Zvamaida Murwira Senior Reporter
Treasury, through the Salary Service Bureau, has with effect from last month taken over the payment of salaries for diplomats in various missions from the Ministry of Foreign Affairs to ensure that employment costs for Government are captured at the same time.
Diplomats had accrued salary arrears spanning several months as the Ministry of Foreign Affairs juggled with several administrative commitments after receiving disbursements from Treasury.
Principal director in the Ministry of Finance and Economic Development Mr Zvinechimwe Churu told legislators yesterday that while salary arrears for the diplomats would be cleared owing to the new payment method, new fiscal challenges were likely to emerge.
He was fielding questions from portfolio committee chairpersons during a capacity building workshop organised by the United States Agency for International Development Strategic Economic Research and Analysis -Zimbabwe.
“We are now paying foreign missions through SSB,” said Mr Churu. “Normally, when you make provision for something in the budget, something else suffers.”

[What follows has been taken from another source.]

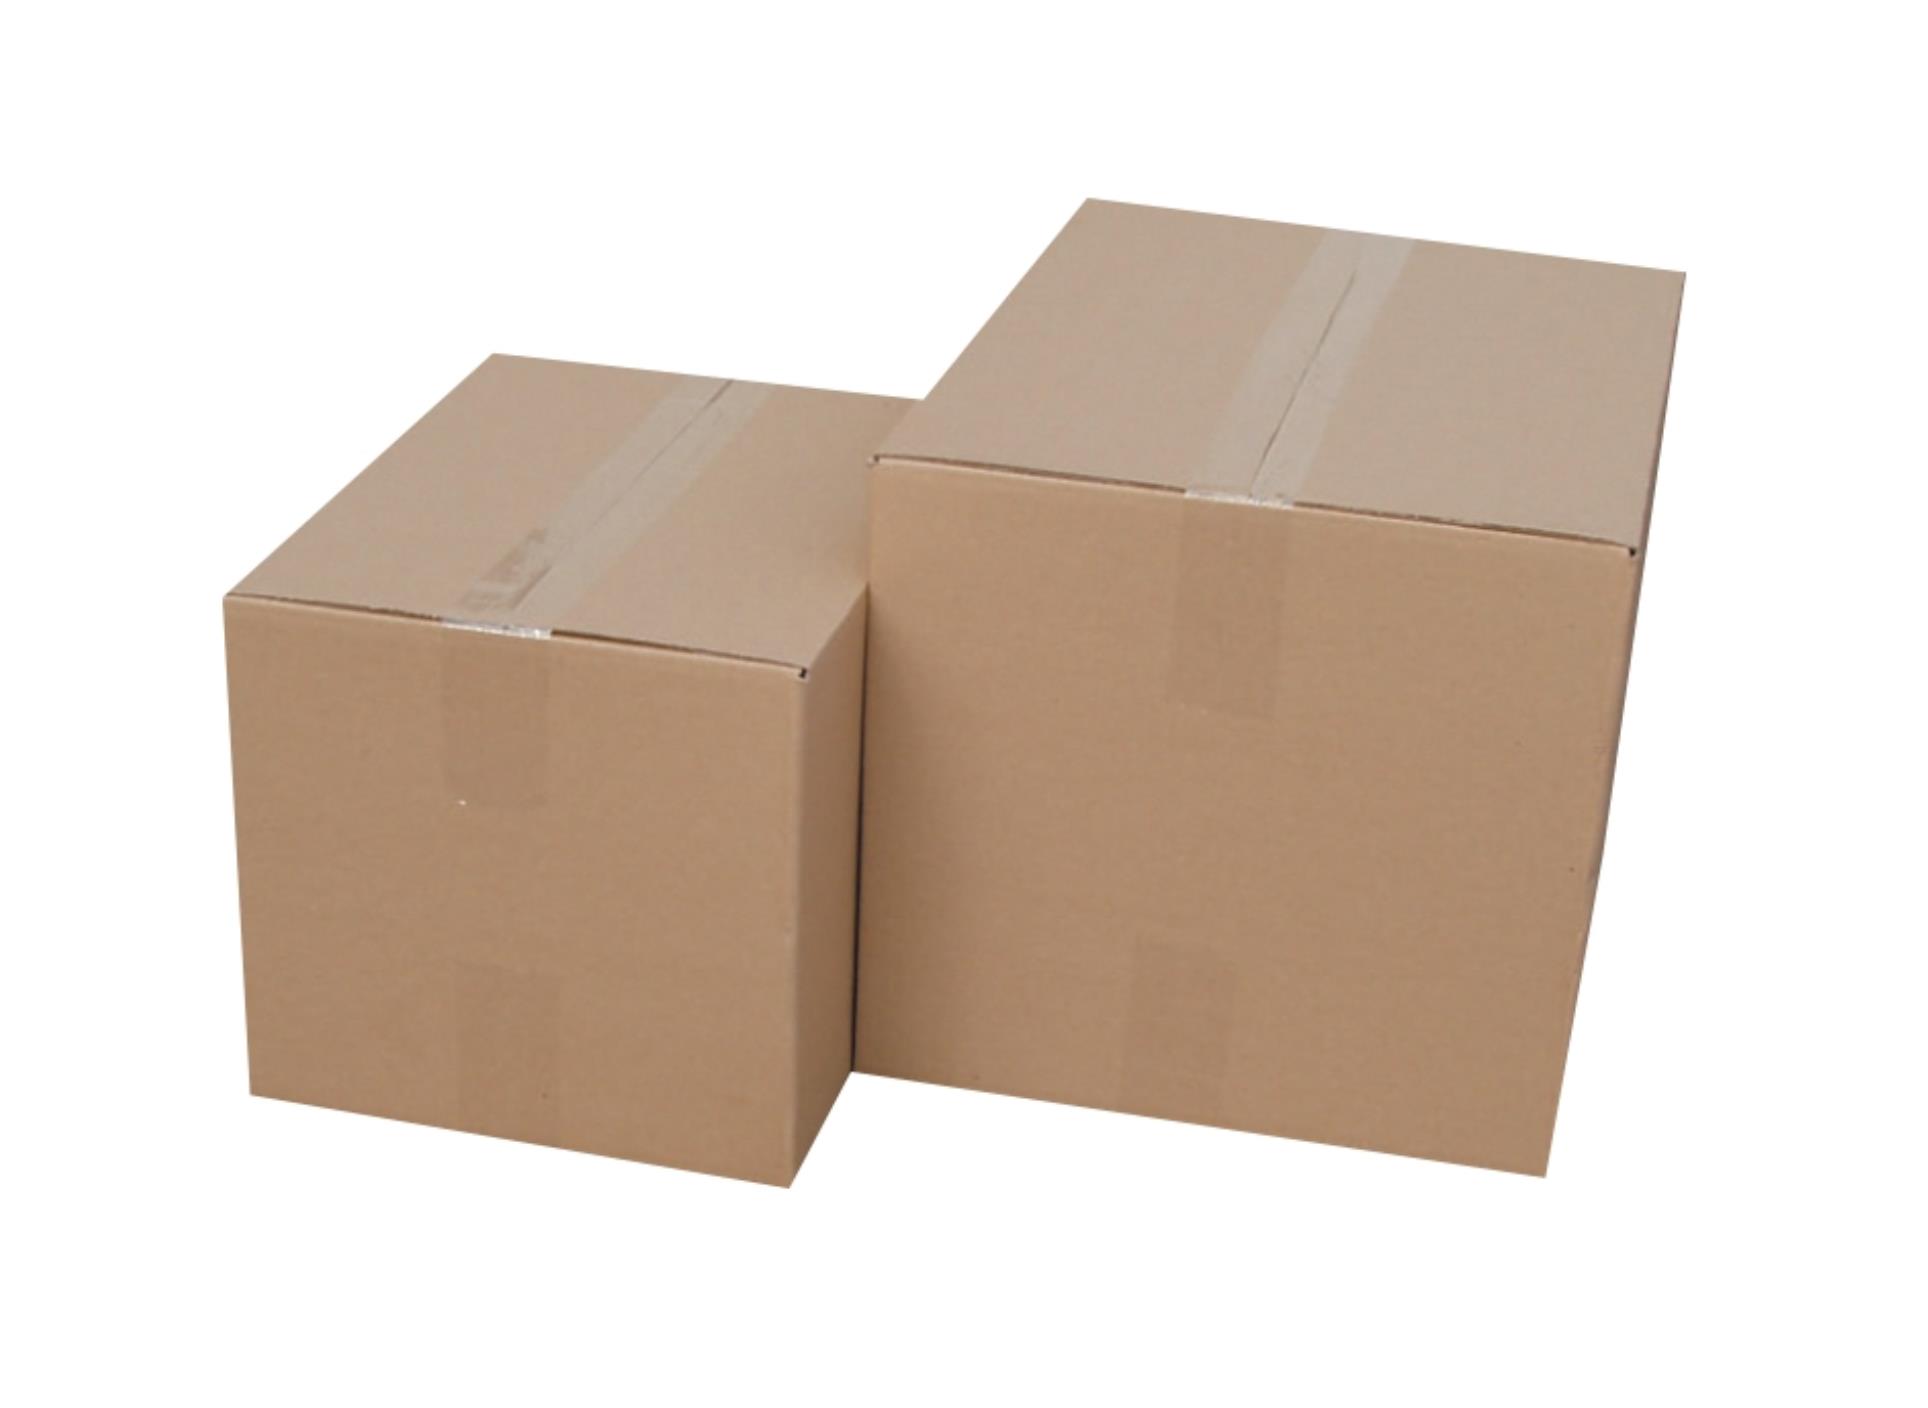 Krabice kartonové 3vrstvé - skladovací, 39,5 x 29 x 28 cm, 20 kg

Foreign Affairs portfolio committee chairperson Cde Kindness Paradza (Zanu-PF) welcomed the decision, saying it would go a long way in motivating Zimbabwe’s diplomats.
Chegutu West MP Cde Dexter Nduna (Zanu-PF) said if diplomats were not paid, there was a risk that they might work against the interests of the country.
Mr Churu said they were analysing an audit carried out by the Public Service Commission aimed at reducing the wage bill through duplication of duties.
Legislators had said there was a lot of duplication of duties in various ministries, something they said if addressed could reduce the wage bill that was taking the bulk of the budget. Mr Churu said while Government was analysing the audit by PSC, there were legal implications where their trade unions had to be engaged should there be need to terminate contracts.
“The wage bill is not an easy area to tackle, but it will be addressed one day,” he said.
Speaker of the National Assembly Advocate Jacob Mudenda had rapped legislators, saying examples of issues they ought to raise were reason for justification for paying ward coordinators and youth officers that were idle.
He said having one officer at district level could be ideal.
Adv Mudenda said the presence of Mr Churu was not an opportunity to put him in the dock, but to raise pertinent national issues.
“We have ward coordinators who are sitting, doing nothing,” he said. “There are also youth officers who are idle. These are the issues that you need to raise, to say instead of dismissing them, can’t they be funded so that they form cooperatives?”
Earlier on, Adv Mudenda castigated legislators for failing to take their representative roles seriously.
This was after a handful of MPs had read and brought an Economic Literacy Handbook with them, despite the fact that it had been deposited in their pigeon holes in June.
The handbook, a collaboration of Parliament and development partners, had been prepared for yesterday’s workshop.
“We commit ourselves as you saw when you were sworn in to be loyal to your responsibilities,” said Adv Mudenda. “The work of Parliament rests with portfolio committees. That is the heart of Parliament. If the heart is not pumping blood, the whole body is dead.”
Giving a brief about the workshop on behalf of USAID SERA-Zimbabwe, Mr Rongai Chizema said the Economic Literacy Toolkit was a strategic resource towards strengthening the legislators’ knowledge base.